## Information supplied:

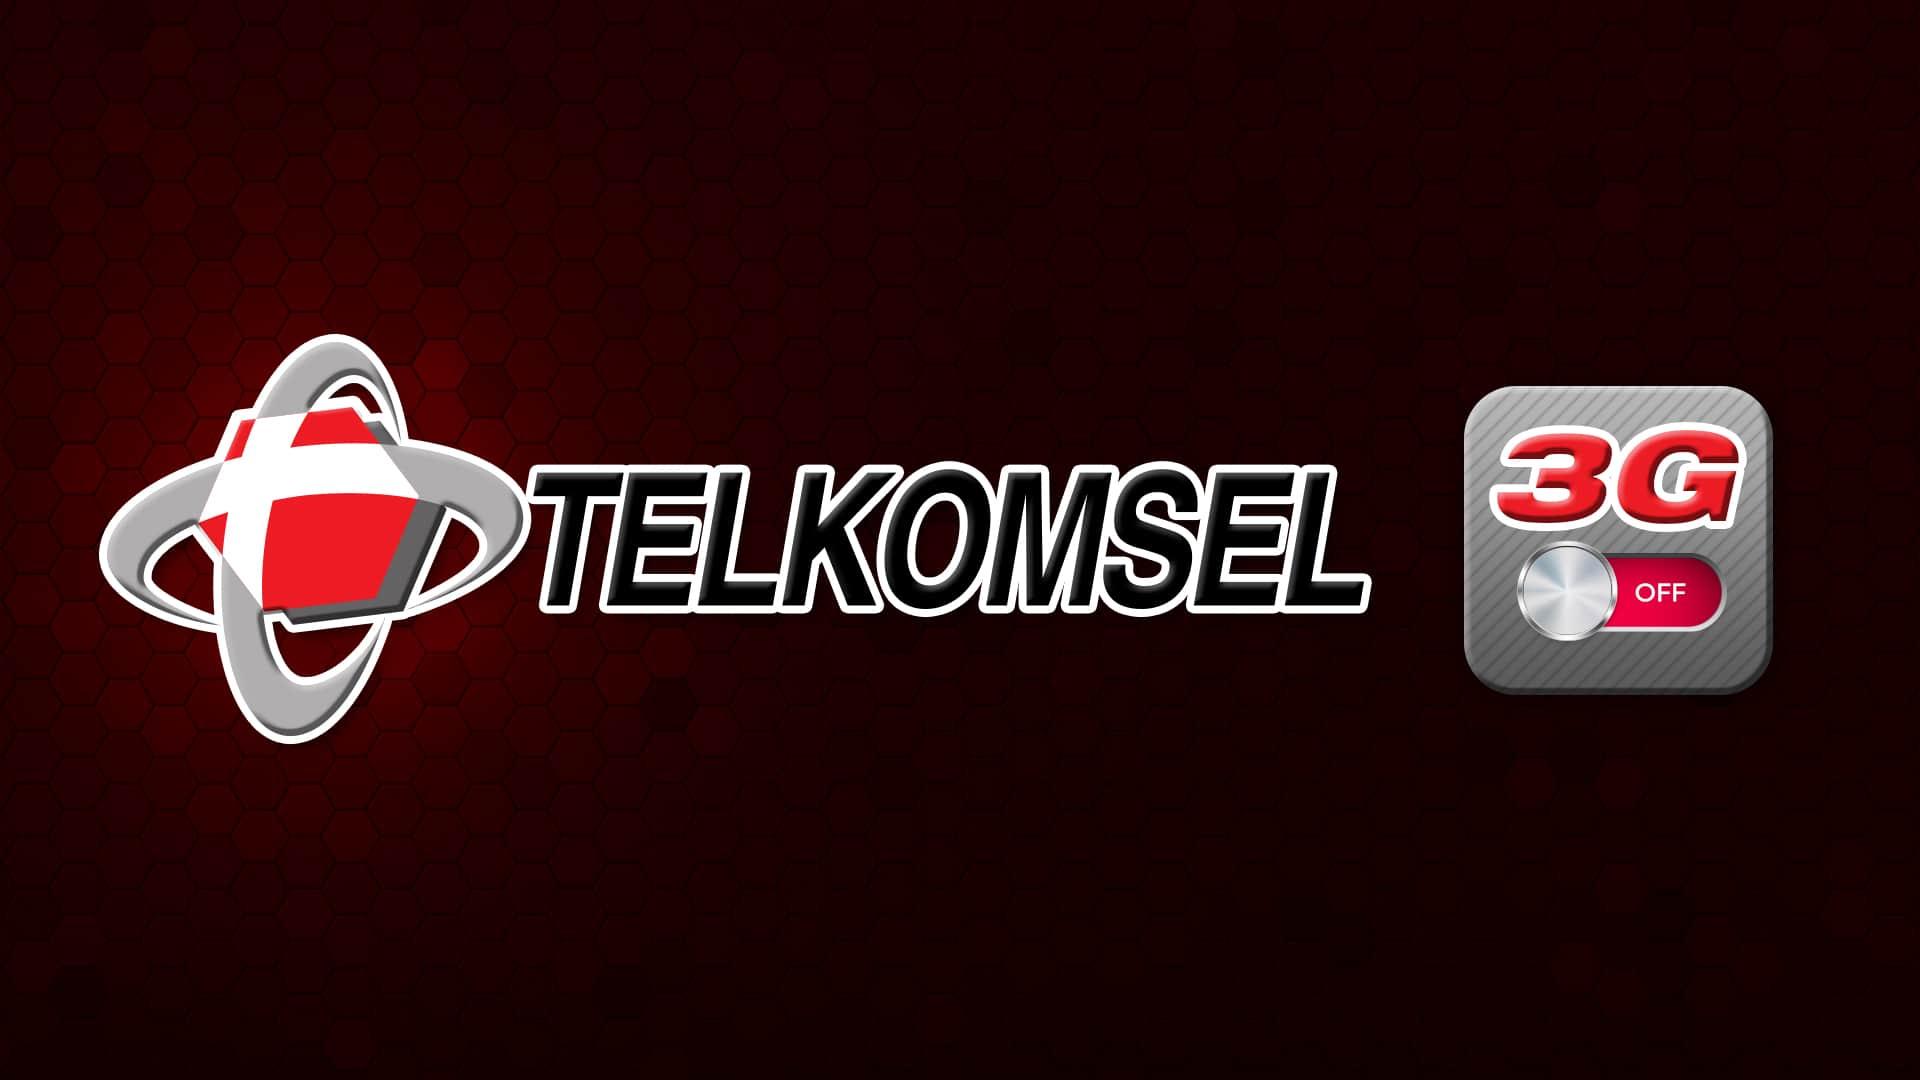 telkomsel_3g
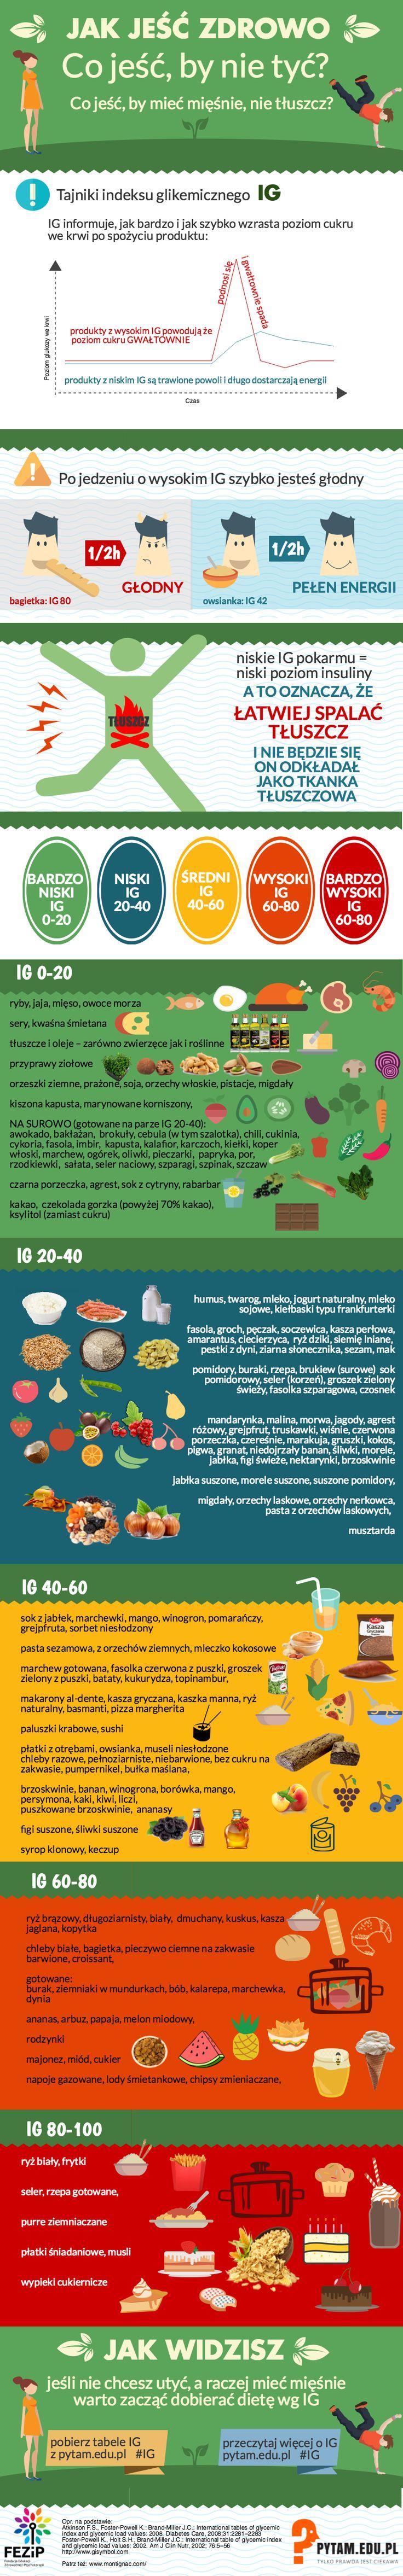 Jak jeść, by nie tyć. Jak jeść, by mieć mięśnie, nie tłuszcz.
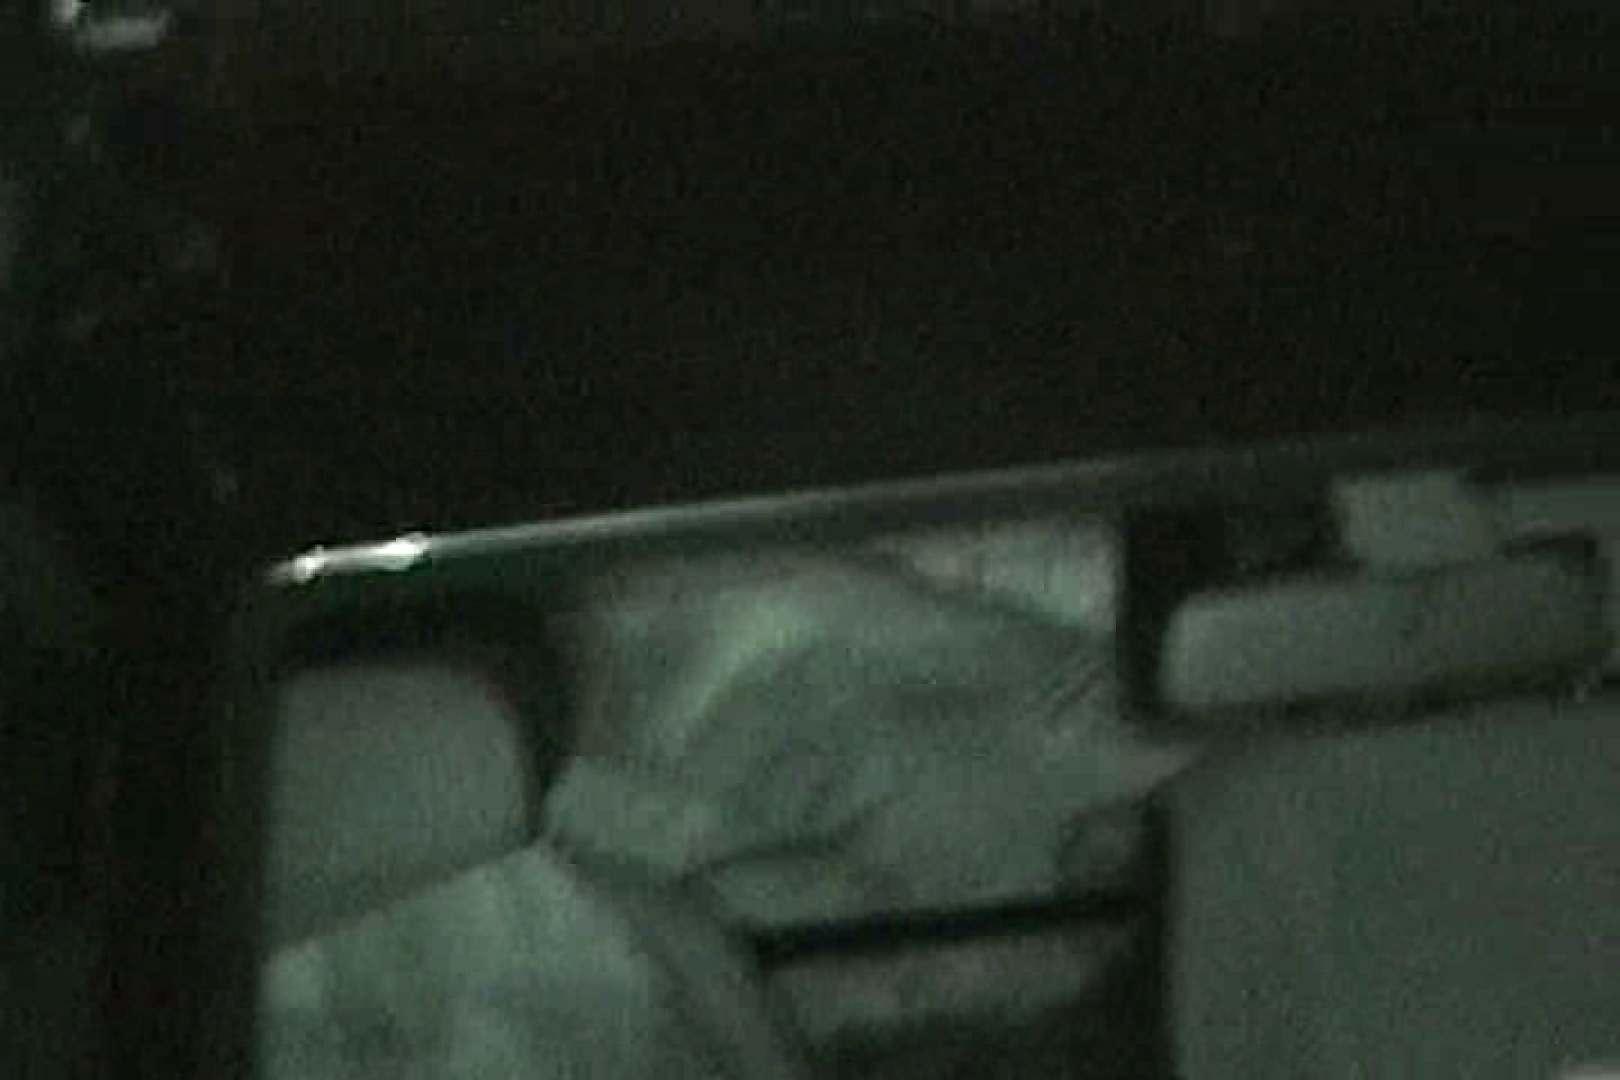 車の中はラブホテル 無修正版  Vol.8 カーセックス  107枚 12

## Task:
Set down the data exactly as it appears, without any images.

## Reply to the exercise:
 telkomsel_3g
 Jak jeść, by nie tyć. Jak jeść, by mieć mięśnie, nie tłuszcz.
 車の中はラブホテル 無修正版  Vol.8 カーセックス  107枚 12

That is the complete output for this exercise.